Blaine Iman Clausell (born January 31, 1992) is a former American football offensive tackle. He played college football for Mississippi State, where he was the starting left tackle for four years, and was signed by the Baltimore Ravens as an undrafted free agent in 2015. He has also played for the New England Patriots, Washington Redskins, and Carolina Panthers.

Professional career

Baltimore Ravens
Clausell signed with the Baltimore Ravens on May 2, 2015 after going undrafted in the 2015 NFL Draft. On May 12, the Ravens announced Clausell would receive a $10,000 signing bonus, the highest of any Ravens undrafted free agent.

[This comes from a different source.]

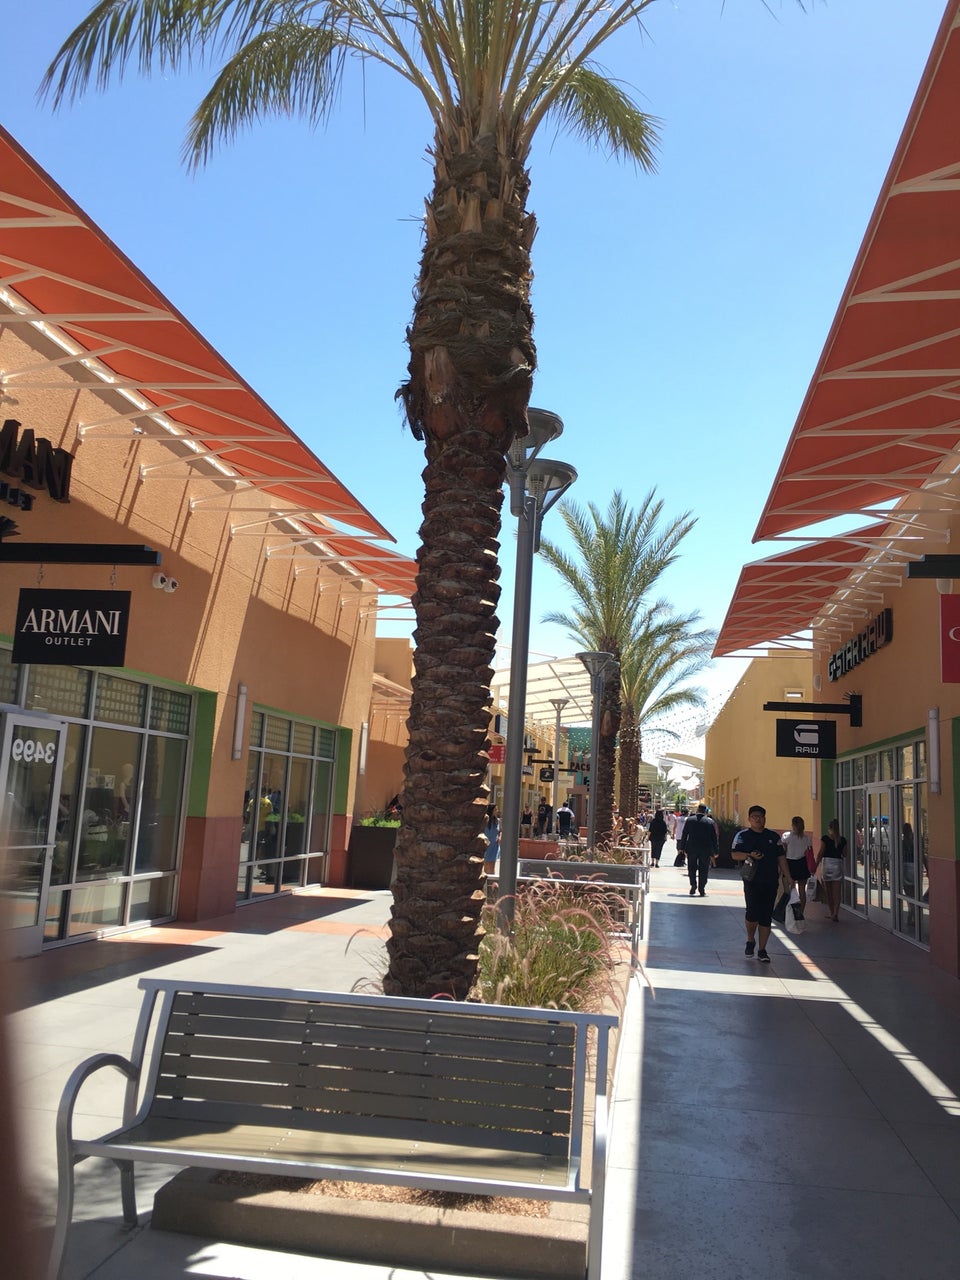 THE NORTH FACE LAS VEGAS NORTH PREMIUM OUTLETS - 11 Photos & 28 Reviews -  525 S Grand Central Pkwy, Las Vegas, Nevada - Outdoor Gear - Phone Number -  Yelp

On September 4, 2015, he was waived by the Ravens.

New England Patriots
Clausell was signed to the New England Patriots' practice squad on September 7, 2015. On November 19, 2015, he was released by the Patriots.

Baltimore Ravens (second stint)
On November 20, 2015, Clausell was signed to the Ravens' practice squad. He signed a reserve/future contract with the Ravens on January 4, 2016. On September 3, 2016, he was released by the Ravens and was signed to the practice squad the next day.

Washington Redskins
Clausell signed with the Washington Redskins active roster on November 7, 2016. He was released by the Redskins on December 2, 2016.

Carolina Panthers
On December 13, 2016, Clausell was signed to the Carolina Panthers' practice squad. He signed a reserve/future contract with the Panthers on January 2, 2017.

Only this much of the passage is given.